Nitekim kraliçe bir oğlan doğurdu. Kralın yaşlı annesi bu sevinçli haberi krala mektupla bildirdi. Haberci yola çıktı, ama uzun bir yol kat ettikten sonra bir dere kenarında biraz dinlendi. Bu sırada şeytan çıkageldi ve mektubu bir başkasıyla değiştirdi; ikinci mektupta kraliçenin dünyaya bir ucube getirdiği yazılıydı. Kral dehşet içinde kaldı, çok üzüldü ve cevap olarak kendi gelinceye kadar kraliçeye iyi bakmalarını yazdı.
Bu mektubu alan haberci yola çıktı, ama aynı yerde yine dinlenip uyuya kaldı. Şeytan yine ortaya çıktı, mektubu yine değiştirdi; bu mektupta kraliçenin çocuğuyla birlikte öldürülmesi isteniyordu.
Kralın yaşlı annesi ağlamaya başladı; yok yere suçsuzların kanı akıtılacaktı! O gece bir dişi geyik yakalattı, gözlerini ve dilini çıkarttıktan sonra onları sakladı. Sonra kraliçeye dönerek, "Seni kralın emrettiği gibi öldürtmem, ama burada daha fazla kalamazsın. Al çocuğunu buralardan uzaklaş ve sakın geri dönme!" dedi.
Çocuğu annesinin sırtına bağladı ve zavallı kraliçe ağlamaklı gözlerle oradan ayrıldı. Koskocaman, balta girmemiş bir ormana vardı; diz çökerek Tanrısına yalvardı. Derken Tanrının bir meleği gökten inerek onu, üzerinde "Burada oturan herkes özgürdür" yazılı ufacık bir eve götürdü. Evin içinden beyazlara bürünmüş genç bir bakire çıktı ve "Hoş- geldiniz kraliçem!" diyerek onu karşıladı. Sırtına bağlı olan çocuğu çözdü ve emzirmesi için ona verdi, sonra bebeği alıp minicik yatağına yatırdı.
"Kraliçe olduğumu nereden biliyorsunuz?" diye sordu genç anne.
"Ben bir meleğim. Beni Tanrı gönderdi; sana ve bebeğine bakmam için!" diye cevap verdi beyazlı kadın.
Genç kraliçe bu evde yedi yıl yaşadı; kendisine iyi bakıldı ve dini bütün olduğu için Tanrı'nın inayetiyle kesik elleri yeniden çıktı.
Sonunda kral savaştan döndü ve ilk iş olarak karısını ve çocuğu görmek istedi. Ama yaşlı annesini ağlar buldu.
"Sen ne kötü kalpli adamsın! Nasıl bir mektup yazdın bana? İki tane masumu öldürteymişim!" diyerek şeytanın değiştirdiği mektupları gösterdi. "Ben de ne emrettinse onu yaptım!"
Kanıt olarak da ona geyiğin dilini ve gözlerini gösterdi. Bunun üzerine kral, ölen karısı ve oğlu için hüngür hüngür ağlamaya başlayınca annesi onun bu haline acıdı.
"Hadi hadi sevin, o yaşıyor. Ben bir dişi geyik bulup onun diliyle gözlerini çıkarttım; çocuğunu da eşinin sırtına bağlayıp onları gönderdim. Bana bir daha geri dönmeyeceğine dair söz verdi, çünkü sen çok kızmıştın!" dedi.
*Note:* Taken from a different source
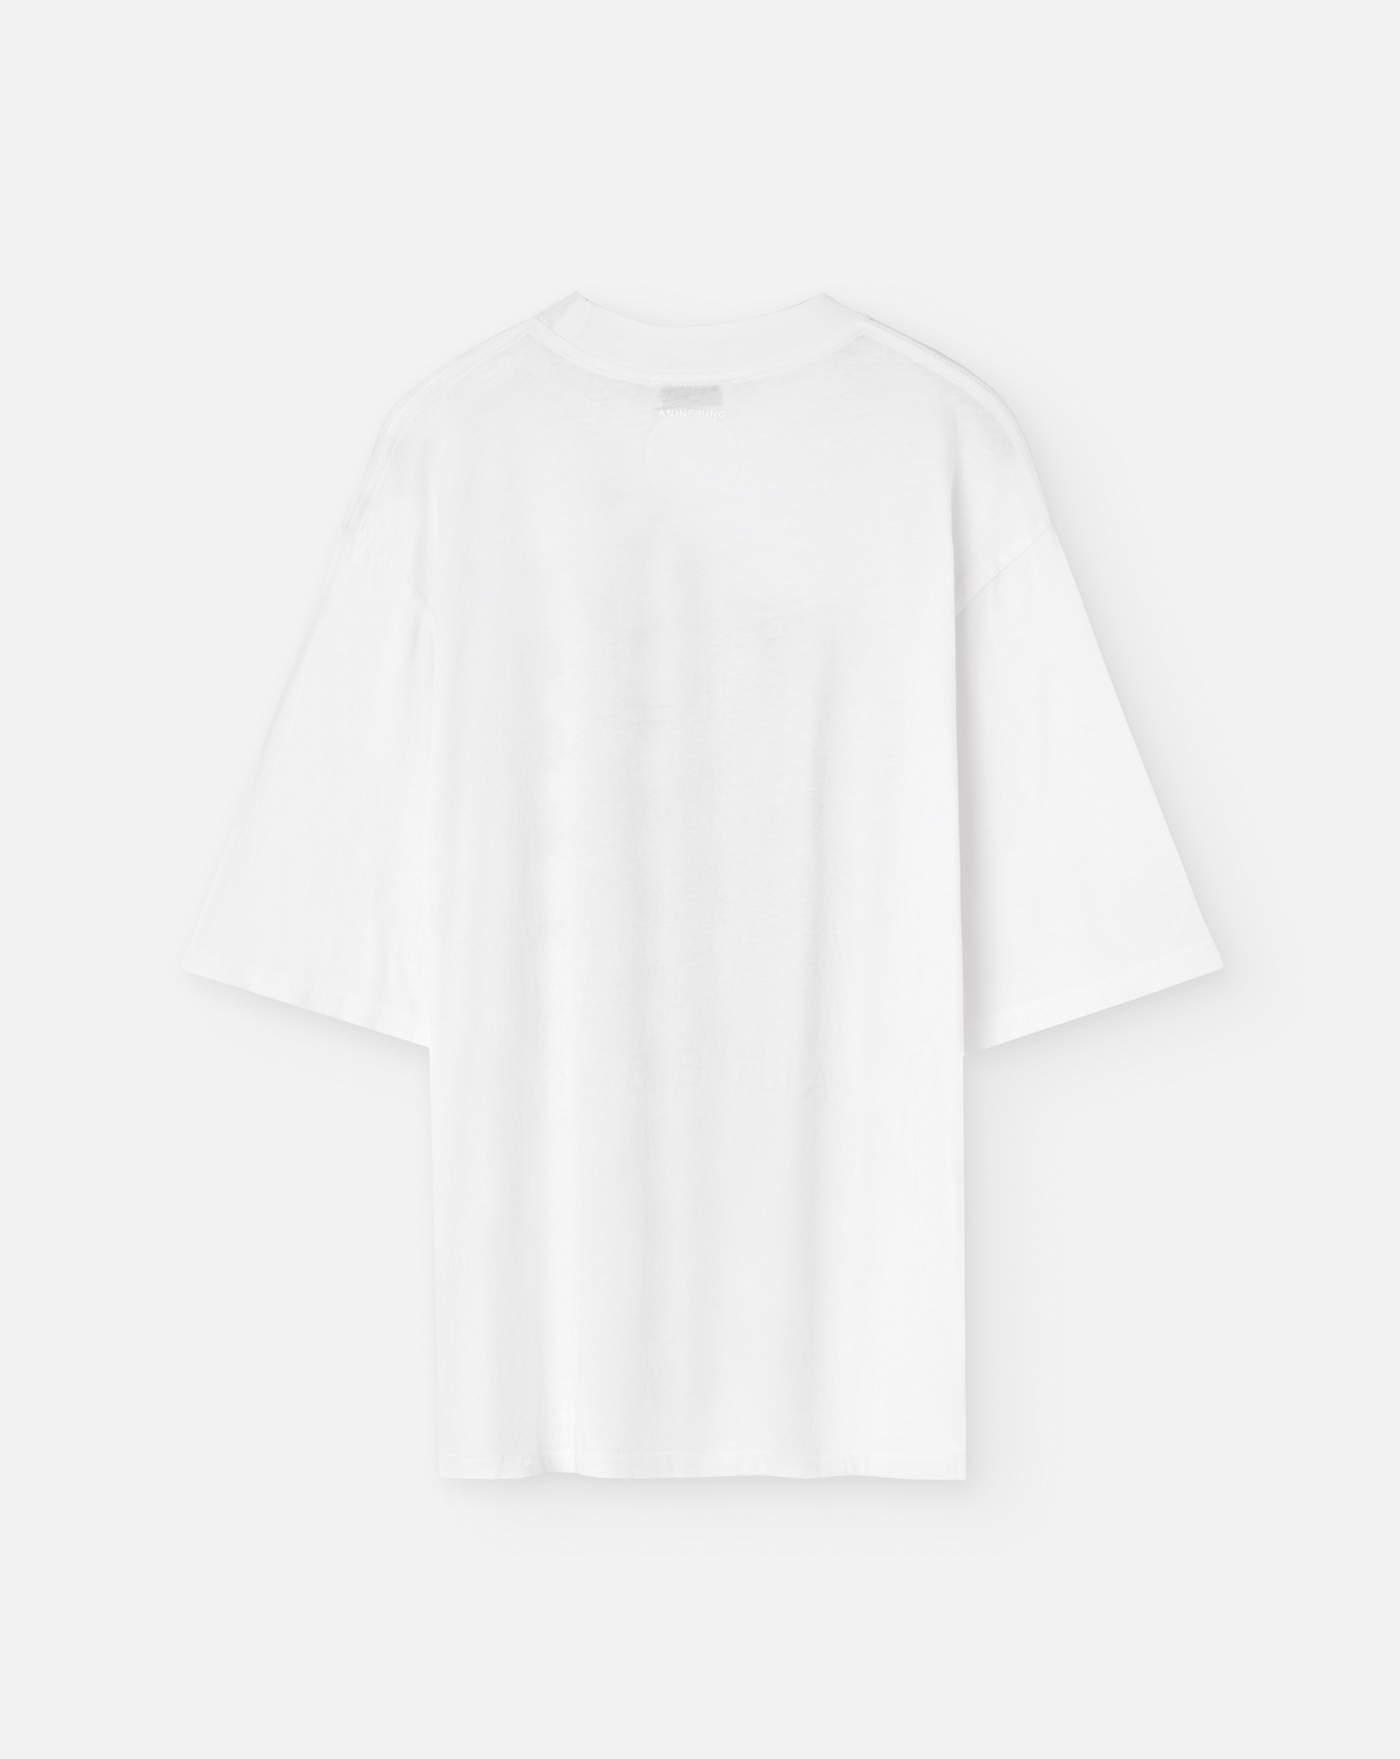 Camiseta Anine Bing Kate Moss 1
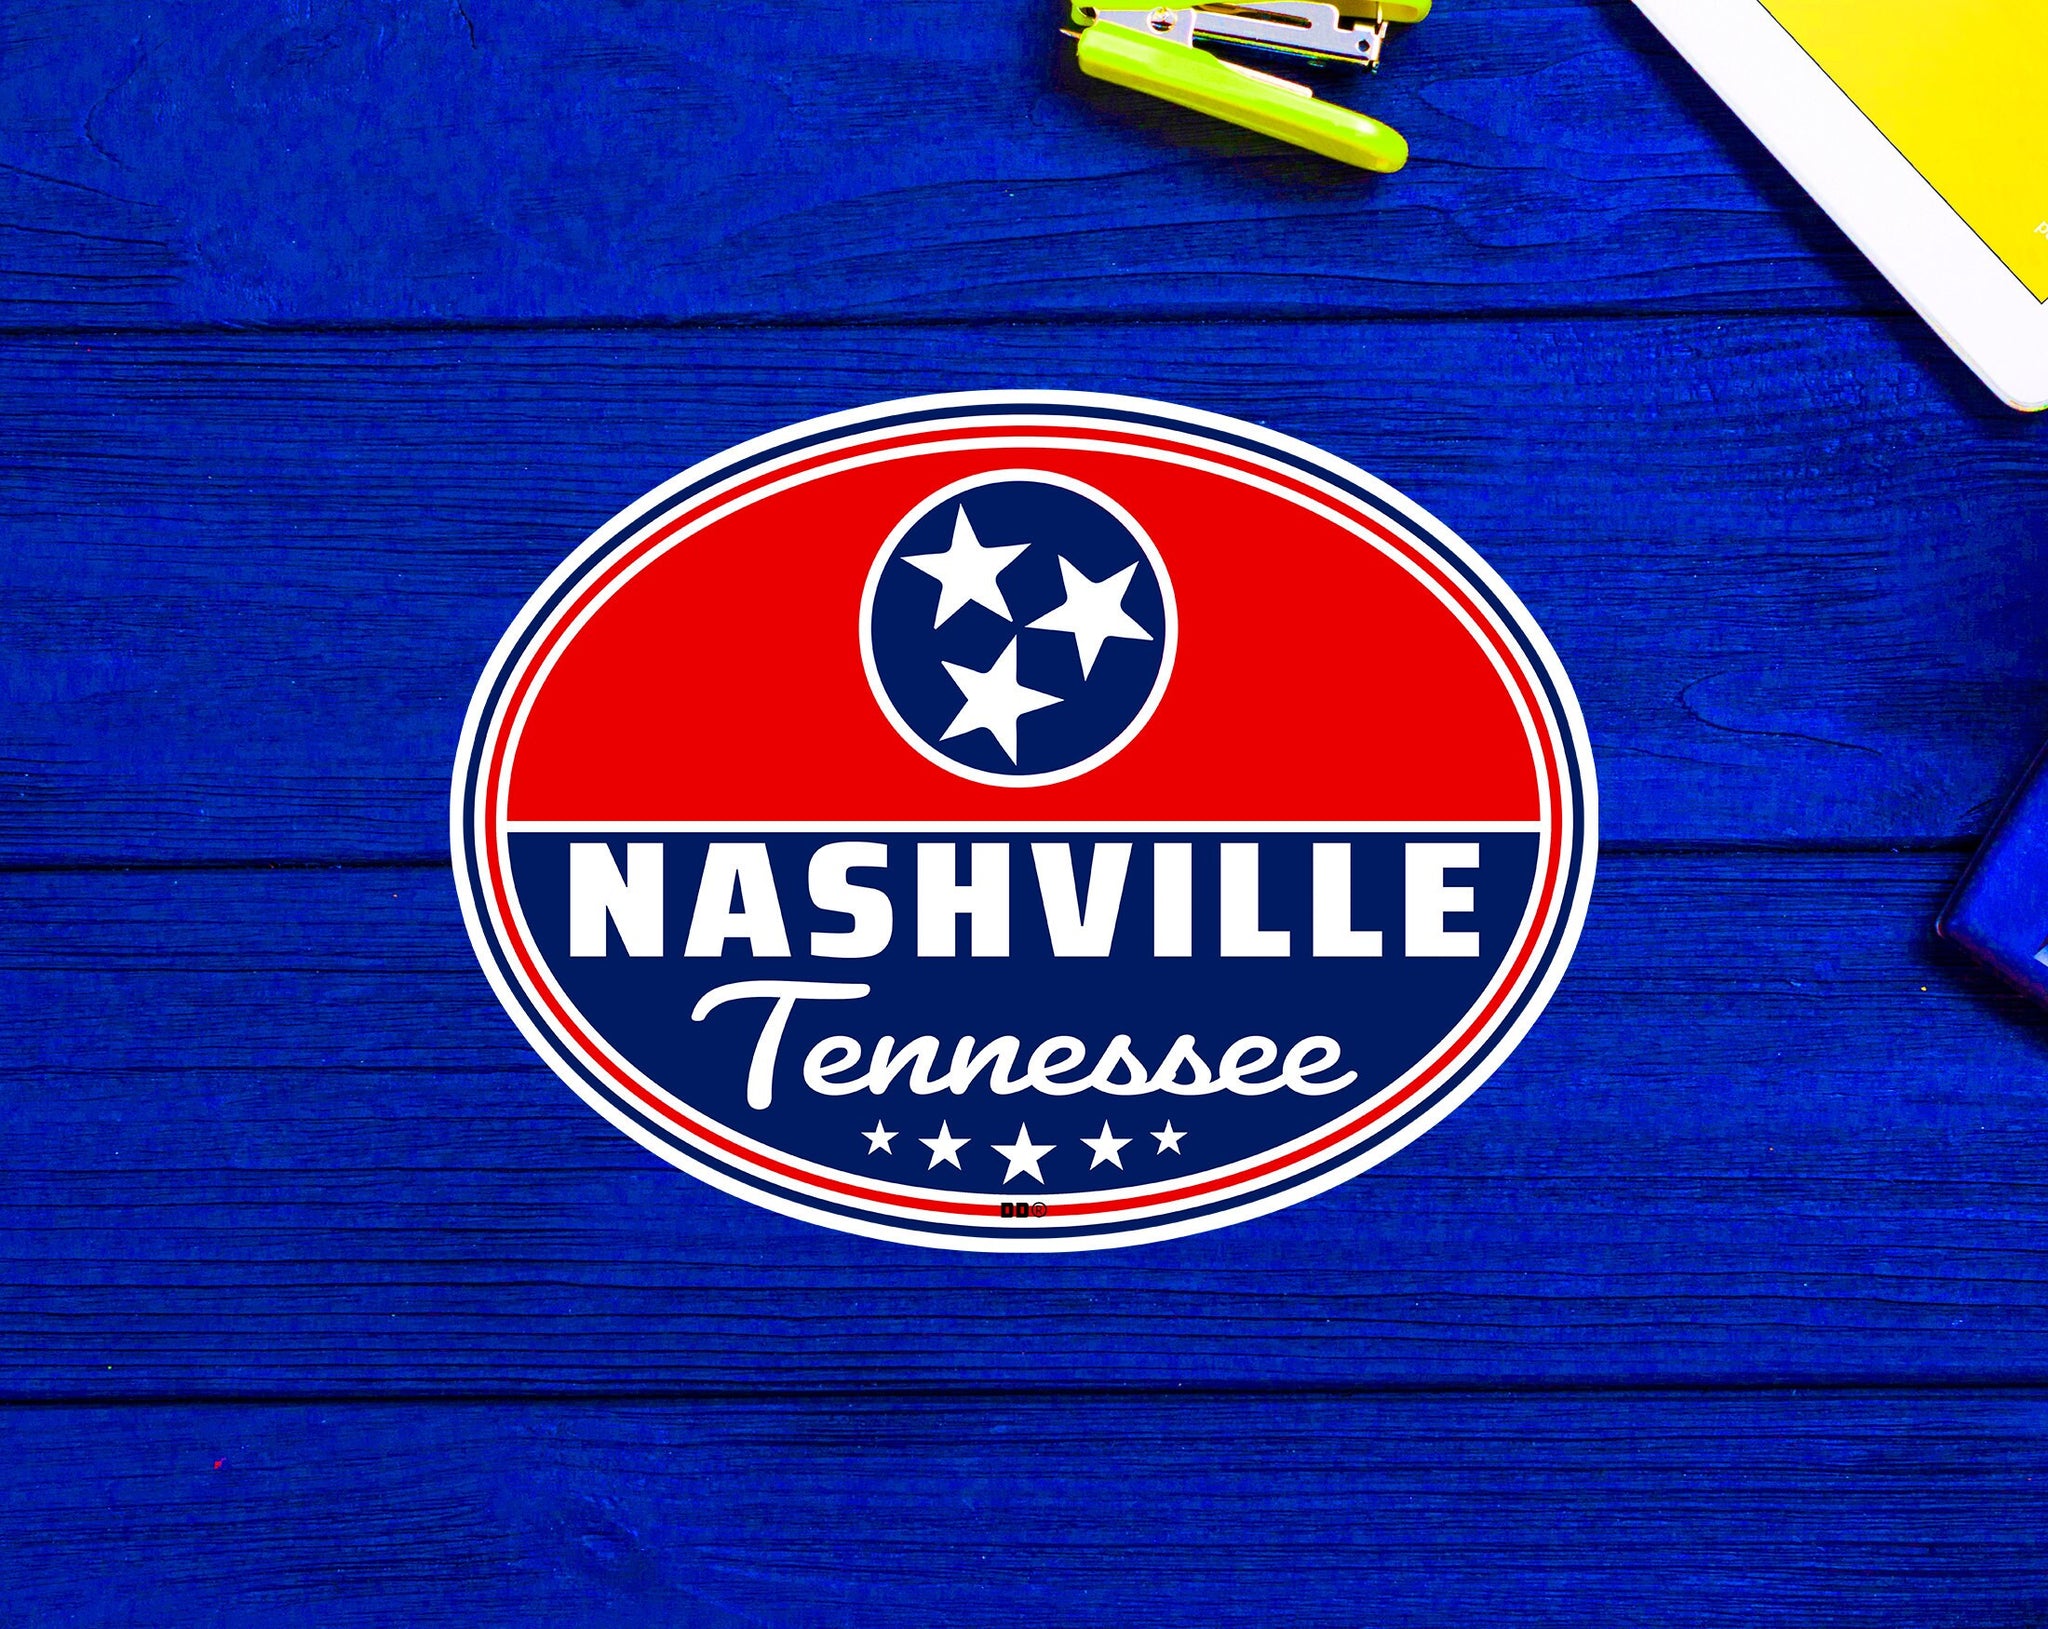 Nashville Tennessee Euro Oval Sticker 4" x 3"

"Gece gündüz demeden yollara düşeceğim. Sevgili karımı ve çocuğumu buluncaya kadar ne yiyeceğim ne de içeceğim! Umarım şimdiye kadar açlıktan ölmemişlerdir!" diye cevap verdi kral.
Yedi yıl boyunca onları her taşın altında, her mağarada aradı. Bulamayınca da öldüklerini sandı. Bu süre içinde yemedi içmedi, ama Tanrı onu hayatta tuttu. Sonunda büyük bir ormana geldi. Orada ufacık bir ev buldu; kapısının üzerindeki tabelada "Burada oturan herkes özgürdür" yazıyordu. Derken evin içinden beyazlara bürünmüş bakire çıktı. Kralın elinden tuttu ve "Hoşgeldiniz kral hazretleri!" diyerek ona nereden geldiğini sordu.
"Yedi yıldan beri dolaşıp duruyorum, karımla çocuğumu arıyorum, ama bir türlü bulamıyorum" diye cevap verdi kral.
Melek ona yiyecek içecek bir şeyler verdiyse de kral istemedi. O kadar yorgundu ki, sadece dinlenmek istiyordu. Yüzüne bir örtü çekti.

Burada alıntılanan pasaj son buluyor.